● **TASK OBJECTIVE**:
Make an exact transcript of the lines in the data below, starting with the one containing "Adidas Zapatilla Ultraboost" and going on through the one containing "Gucci Leather Gg", with both included and the pictures left out.
***** RECORDS FOR THE EXERCISE *****
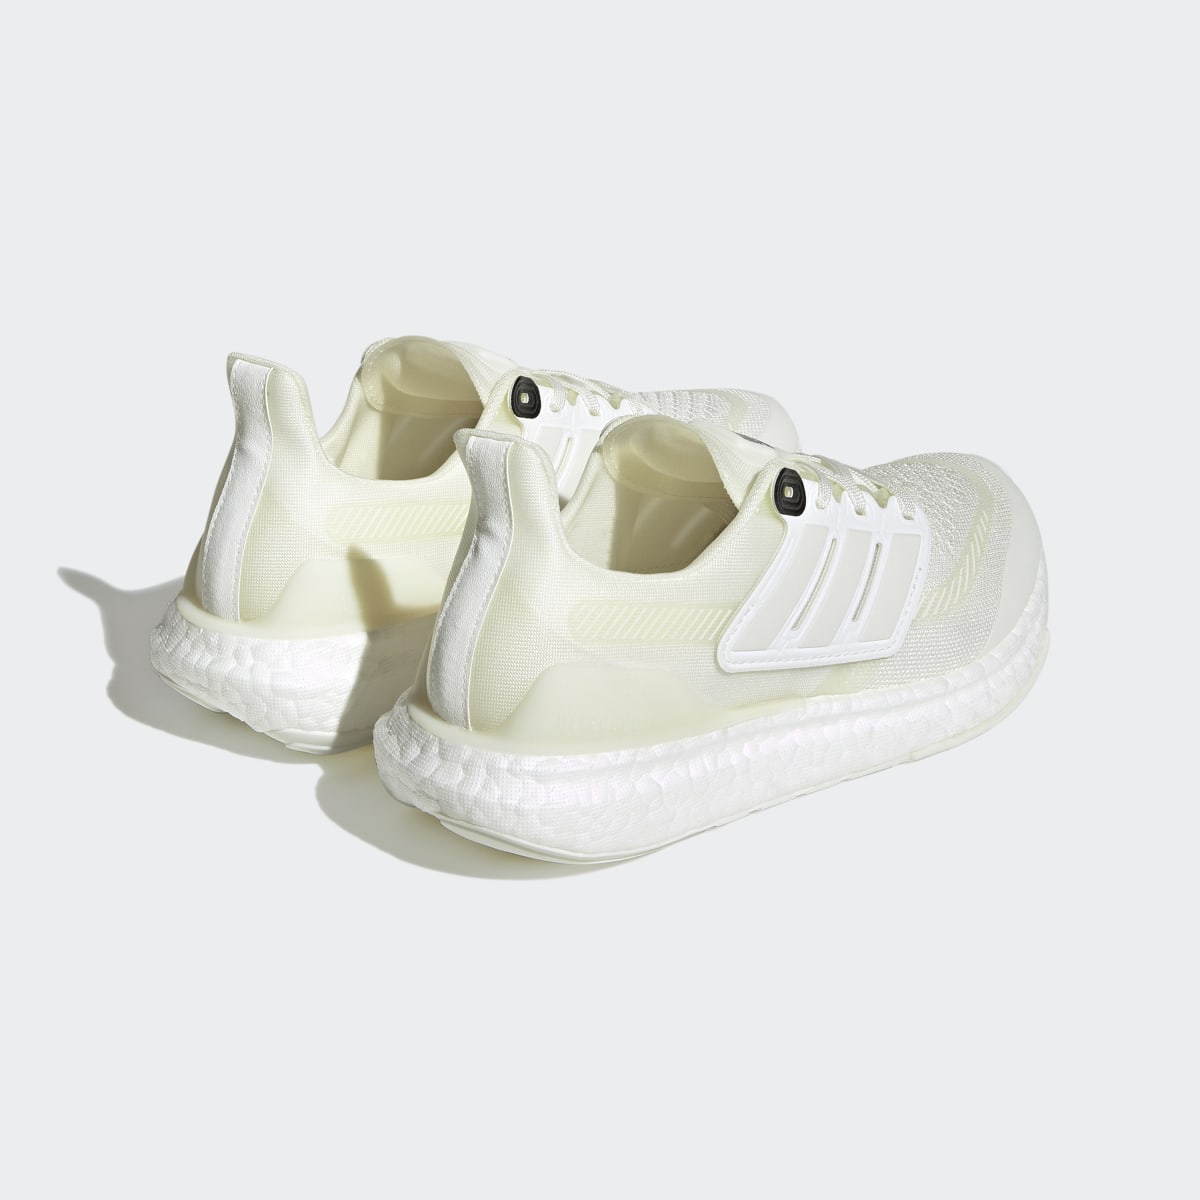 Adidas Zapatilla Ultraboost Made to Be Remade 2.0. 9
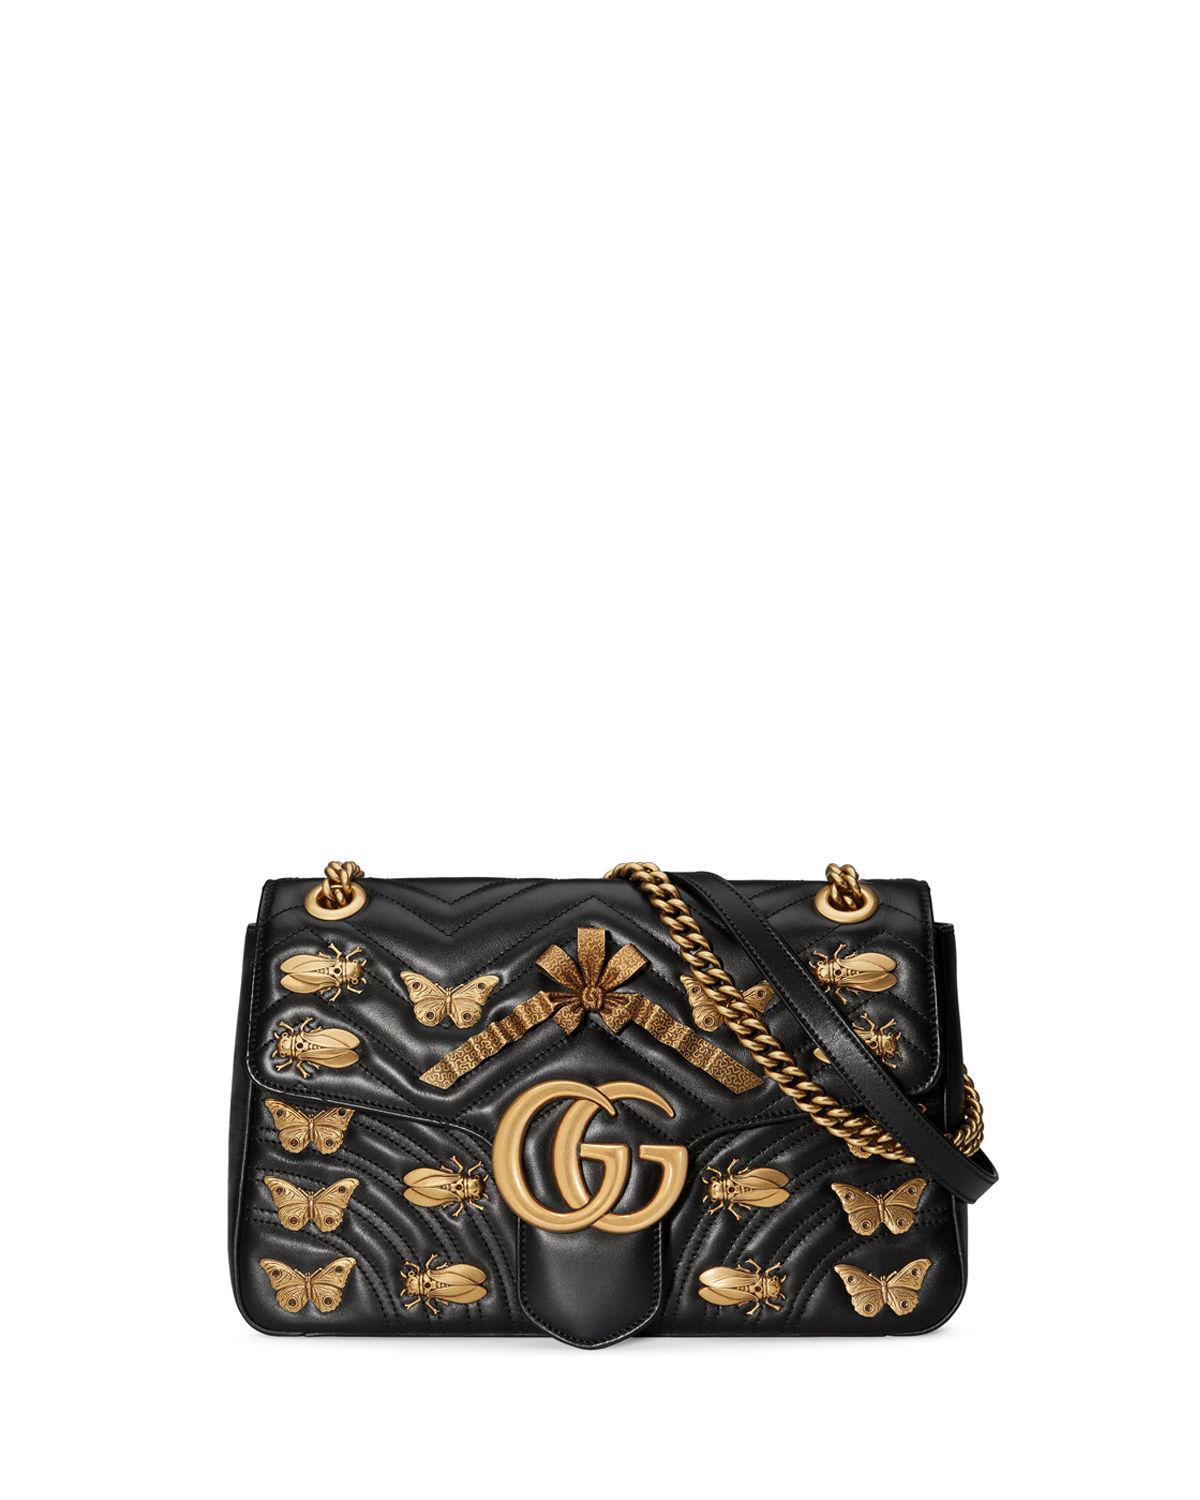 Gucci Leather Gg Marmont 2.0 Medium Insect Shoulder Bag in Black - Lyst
*****
***** RECORDS FOR THE EXERCISE *****
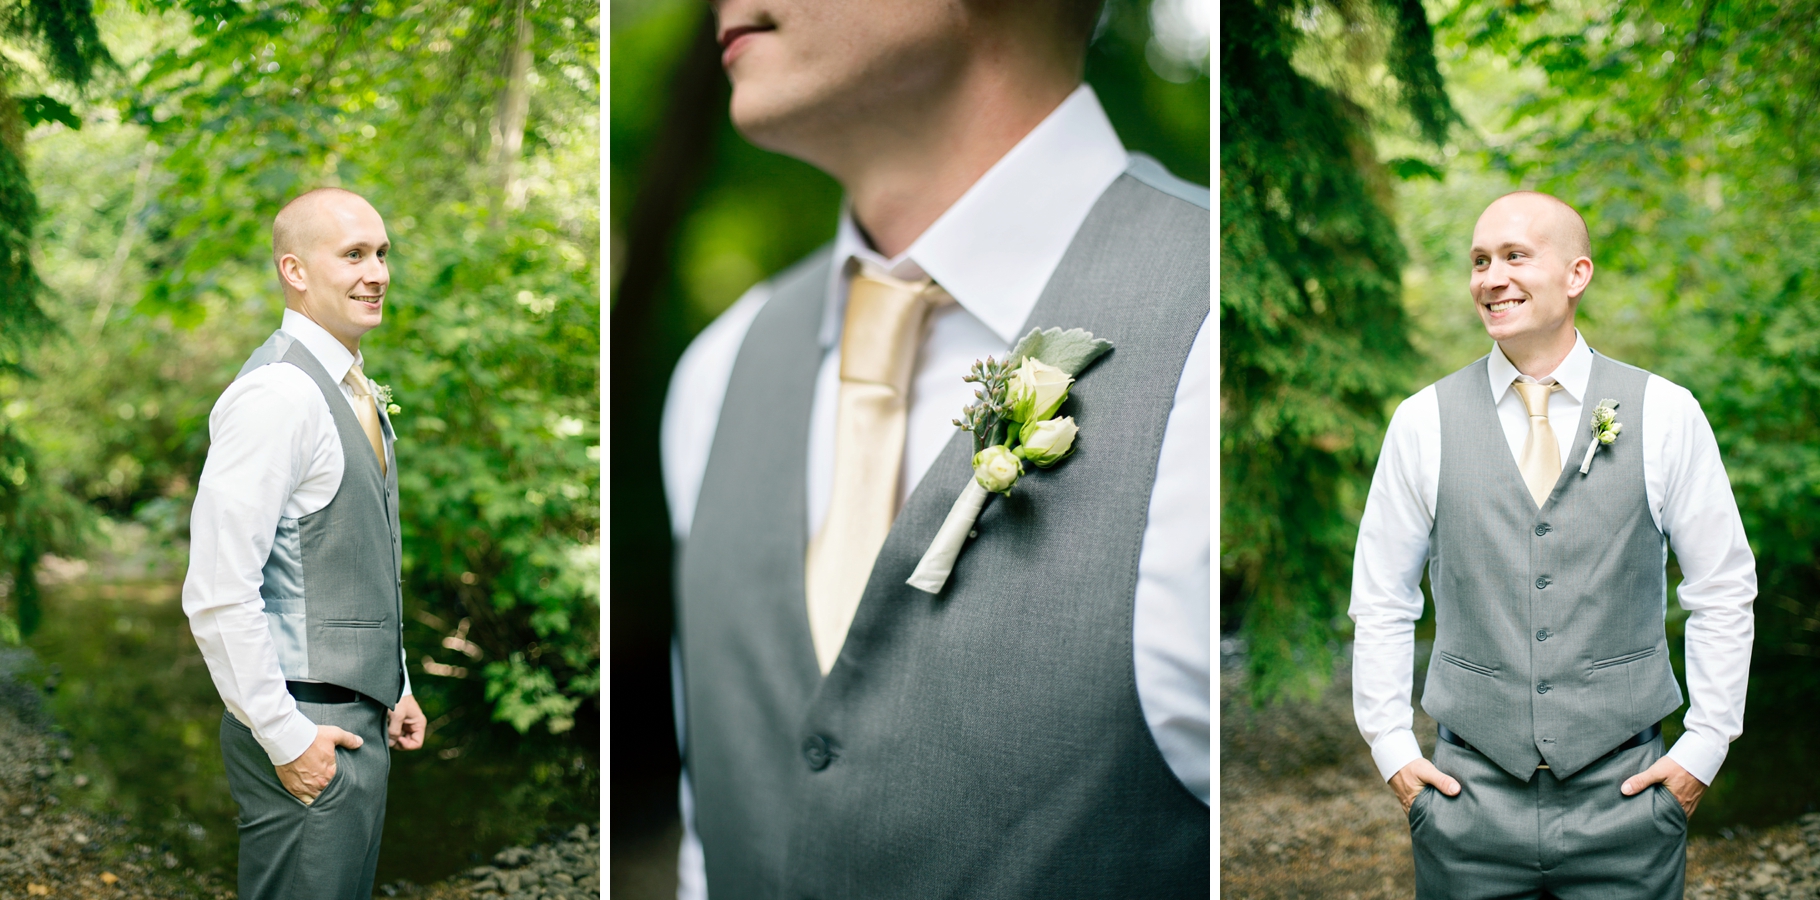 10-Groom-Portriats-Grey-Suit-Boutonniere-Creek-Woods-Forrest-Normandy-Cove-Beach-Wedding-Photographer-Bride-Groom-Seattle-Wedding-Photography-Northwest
*****
● **WRITTEN RESPONSE**:
 Adidas Zapatilla Ultraboost Made to Be Remade 2.0. 9
 Gucci Leather Gg Marmont 2.0 Medium Insect Shoulder Bag in Black - Lyst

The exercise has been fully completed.